Pittsburghers return home inspired by missions in Israel
Israel at warLending support and standing in solidarity

Pittsburghers return home inspired by missions in Israel

“Our presence was comforting for people. We heard that over and over again.” — Rabbi Amy Bardack

Anna Yolkut, Etti Martel, Laurie Klitsner, Yisrael Klitsner, Michael Milch and Rabbi Yitzi Genack gather during a recent mission to Israel. (Photo courtesy of Rabbi Yitzi Genack)
Anna Yolkut, Etti Martel, Laurie Klitsner, Yisrael Klitsner, Michael Milch and Rabbi Yitzi Genack gather during a recent mission to Israel. (Photo courtesy of Rabbi Yitzi Genack)

The desire to stand with Israel led several Pittsburghers 6,000 miles east and into spaces ramshackled by Hamas’ attacks three months earlier. While joining missions organized by World Mizrachi and the Jewish Federations of North America, members of Pittsburgh’s Jewish community visited kibbutzim in the Gaza envelope, spoke with survivors of the Israel-Hamas war and attempted to bolster the Israeli economy.

Squirrel Hill resident Oren Levy traveled to the Jewish state weeks ago alongside members of Congregations Poale Zedeck and Shaare Torah.

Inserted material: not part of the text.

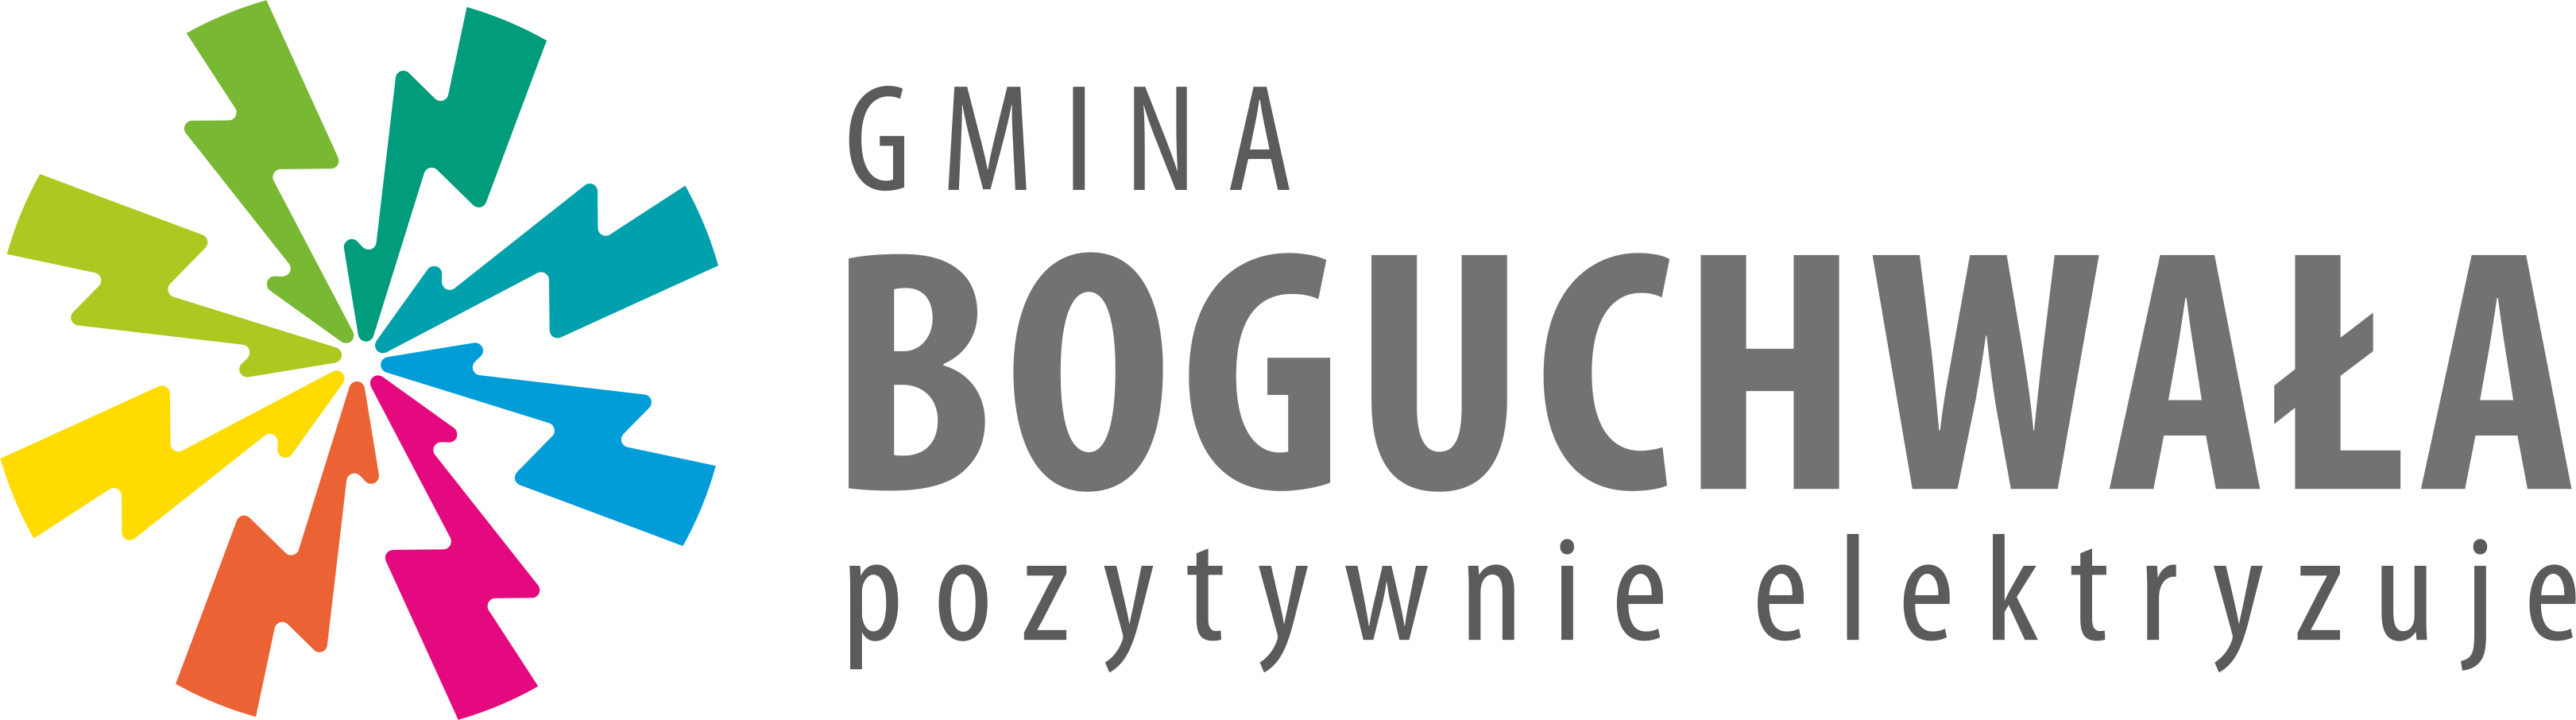 Gmina Boguchwała
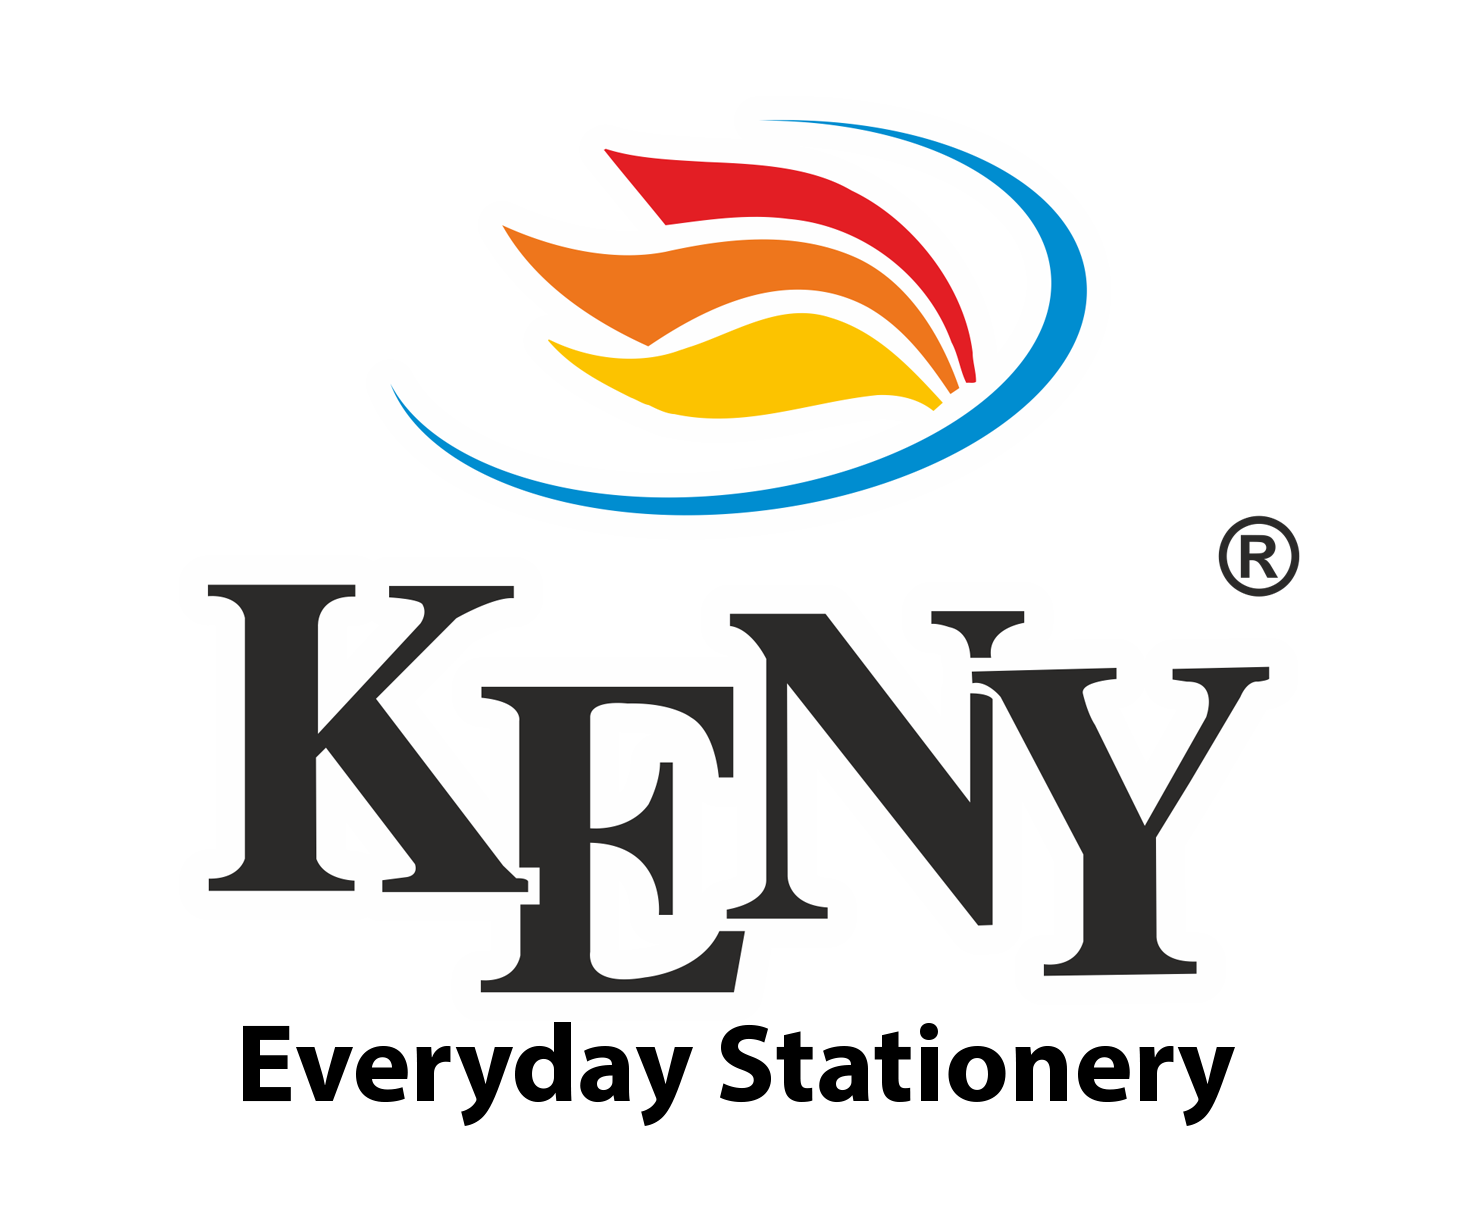 Keny - Everyday Stationery

Each interaction with an Israeli resulted in “amazement and surprise,” Levy said. “The families of those affected, the soldiers, the people we met, couldn’t believe that we came from America just to show support. It made them feel very cared for.”

Levy said that spending time with injured soldiers was deeply impactful, and that even after returning home he continues to send the soldiers words of encouragement.

Jan Levinson, left and Brian Eglash, right, join Amir, a farmer in Moshav Zekharia, while picking cherry tomatoes. (Photo courtesy of Brian Eglash)
Brian Eglash, senior vice president and chief development officer of the Jewish Federation of Greater Pittsburgh, traveled to Israel in December alongside Federation board chair Jan Levinson as part of a national Federation solidarity mission.

Eglash called the trip “absolutely unbelievable” and essential to “bearing witness to what’s going on.”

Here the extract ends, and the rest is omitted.